Literacy Techniques and Strategies
Lesson Plan: Plot Diagramming
Goals:
- Assess whether students are able to identify and comprehend the important events of the text.
- Teach students how to draw and fill in a plot diagram.
- Have students interact with someone new or whom they rarely work with.
- Assess if students have been keeping up with the reading.
- Teach students how to identify important plot points in a text.
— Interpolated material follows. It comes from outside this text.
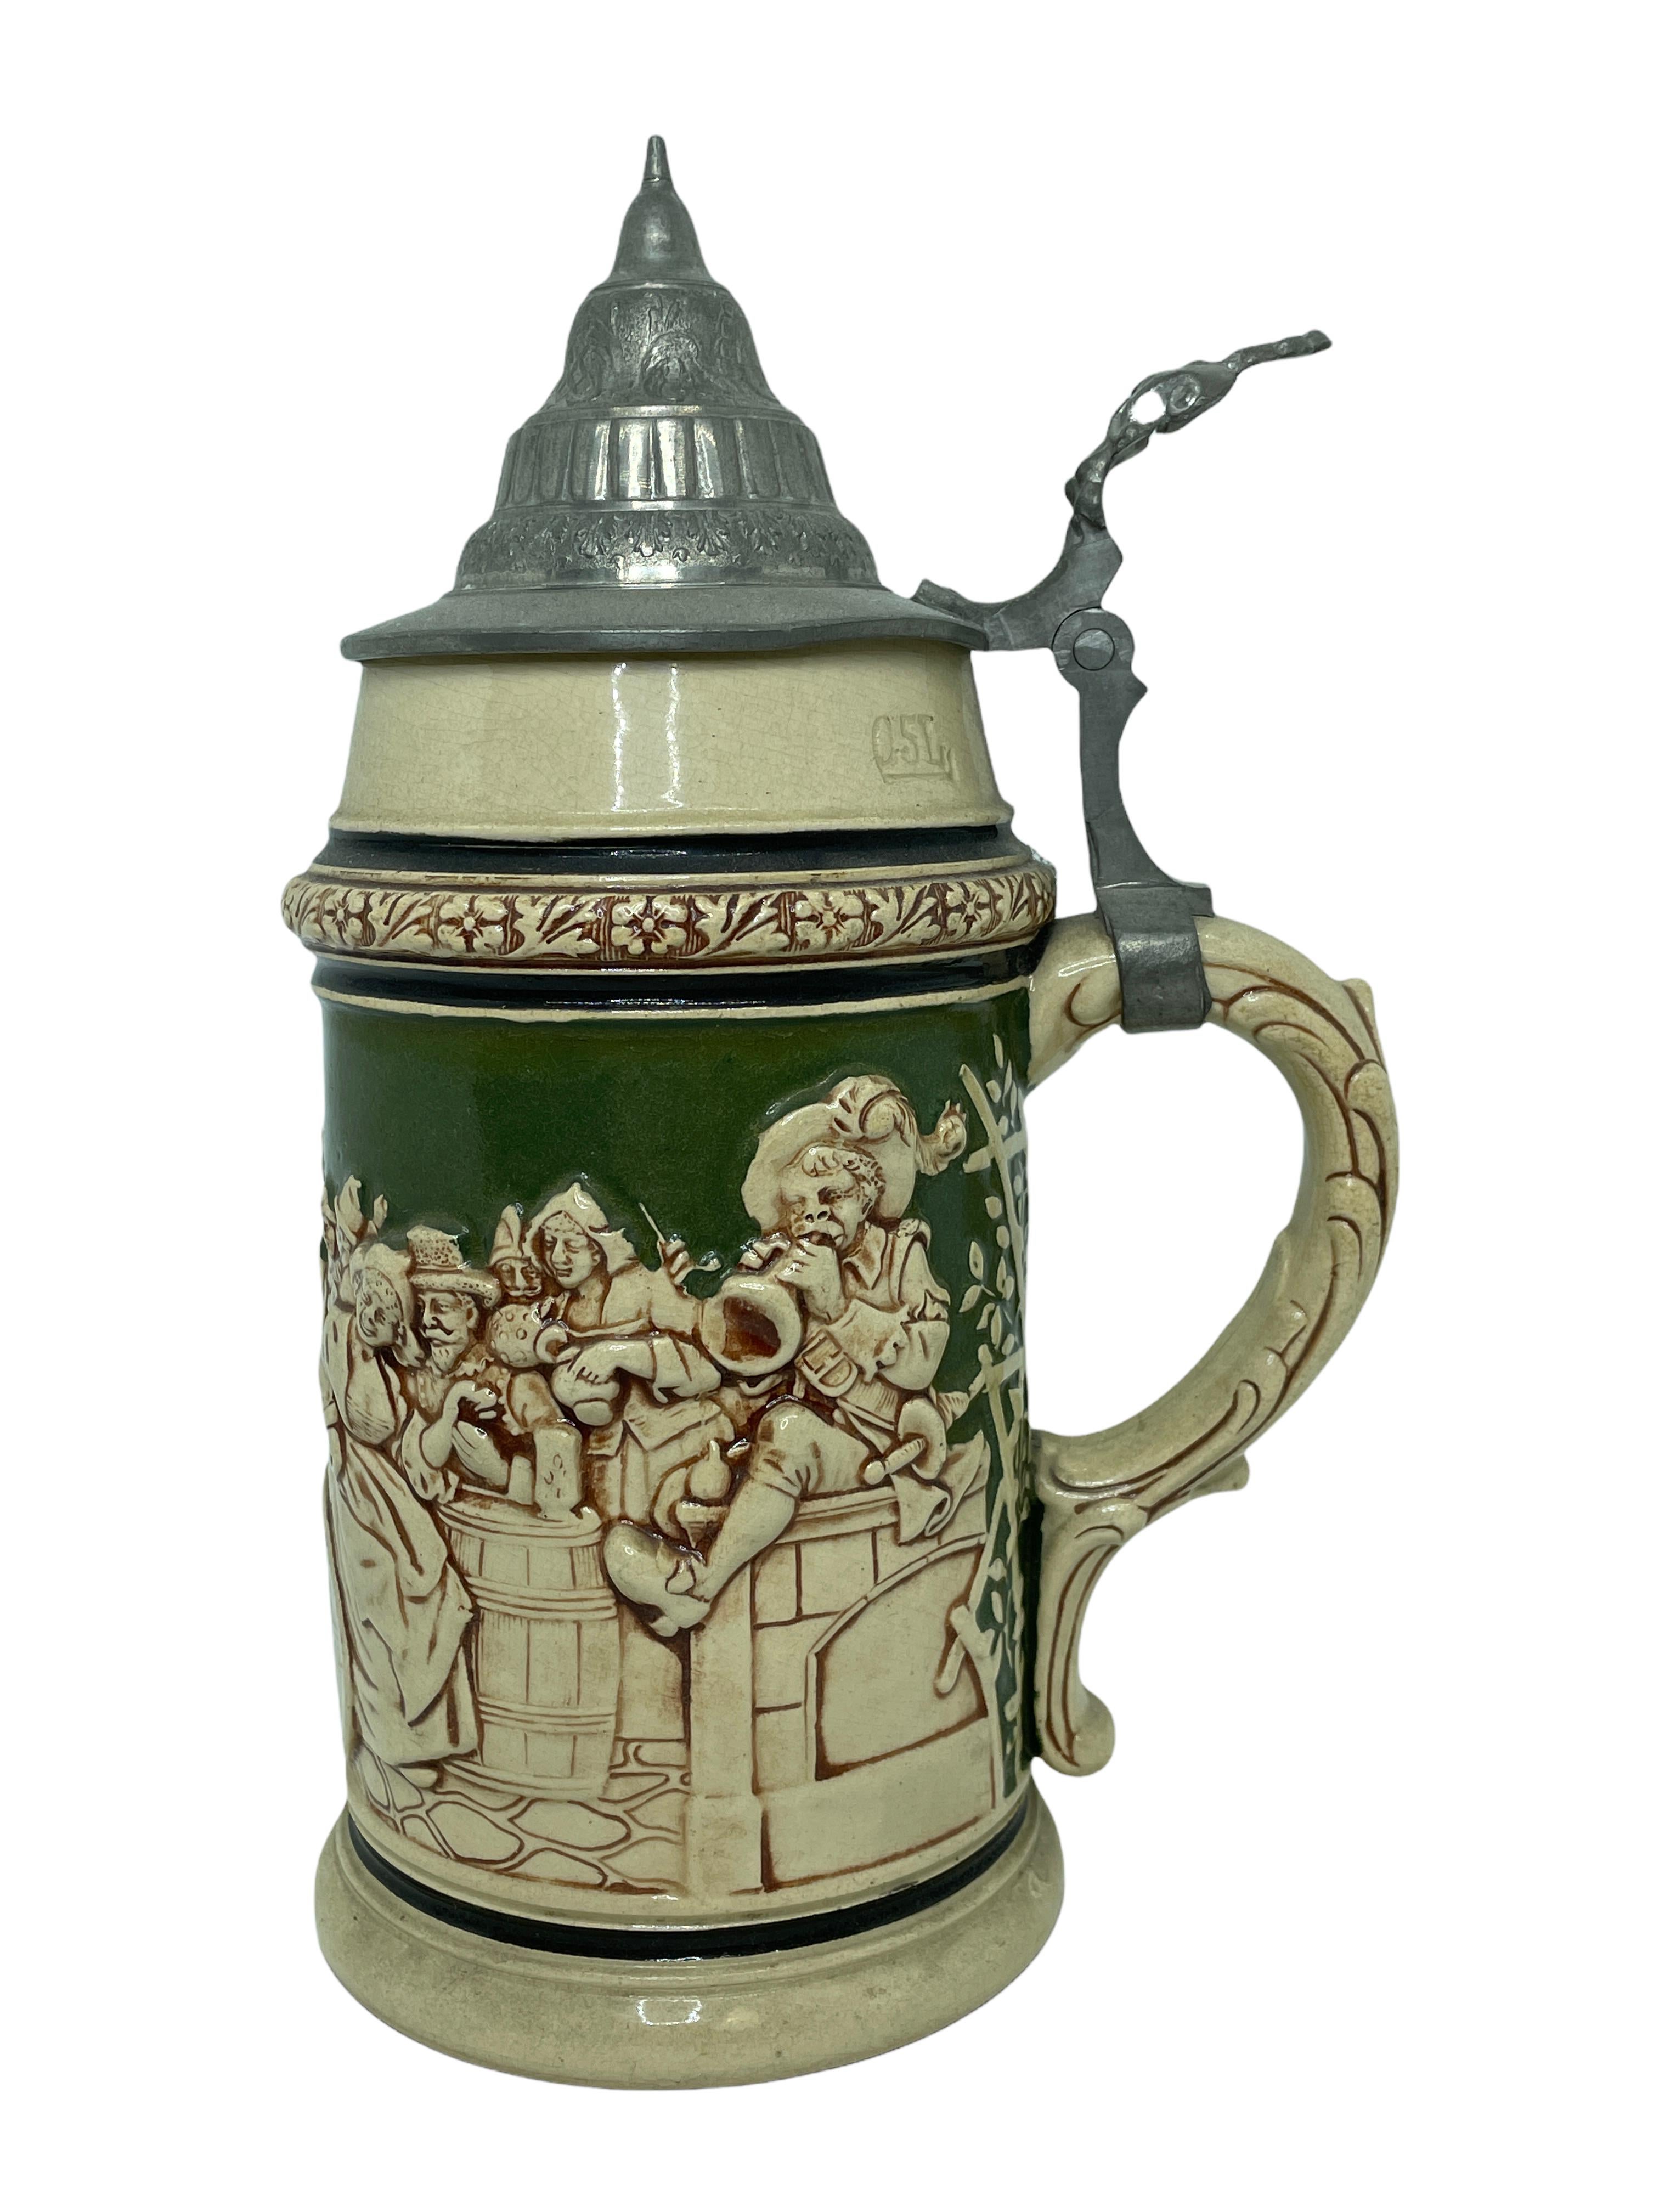 A gorgeous beer stein, made in Germany. This beer stein has been made in Germany, circa 1900s. Absolutely gorgeous piece still in great condition, without damage. Lid works properly. It is a 1/2 Liter Stein.

- Cover the basic important events of the novel so far.
Materials Needed:
- Chalk or whiteboard
- Student journals
- The novel, Freak the Mighty
- Computer lab (or access to 9 computers)
Activities:
Opening
- (10 minutes) I will ask the students to tell me what the main events in the novel have been so far while I write them on the board. I will ask them to take notes on this in the plot section of their journals.
Body
- (2 minutes) I will then draw an outline of a plot diagram on the board without the labels of the different parts.
- (5 minutes) I will ask students to volunteer to tell me what the different parts of a plot diagram are and where they belong. We will talk about what each part means (or "does").
- (3 minutes) Once we establish where the exposition, rising action, climax, falling action, and resolution belong, I will ask students to get into groups 8 groups of 3 and 1 group of 4. I will ask them to be in groups with people they don't always work with.
- (3 minutes) The students will take their journals and gather around a computer with their group.
- (20 minutes) I will direct them to the ReadWriteThink website where they will follow the directions to make an electronic plot diagram using their list of events.
- (3 minutes) Students will print off their diagram to put in their journals.
Closing
- (3 minutes) I will restate why we look for important events while reading.
- (1 minute) I will remind students to read chapters 15 and 16 and keep adding to their journals.
Formative Analysis:
- Assess whether students are able to identify and comprehend important events in the text by listening to their contributions to the class list.
- Assess their ability to draw and fill in a plot diagram by looking over their electronic diagrams as they make them.
- Assess students' interactions with new group members by observing their abilities to work together in groups.
- Assess students' abilities to distinguish between important and less important plot points by listening to their contributions to the class list.
- Assess the complete coverage of the events in the novel so far by making sure that no important plot points are left out while making the class list.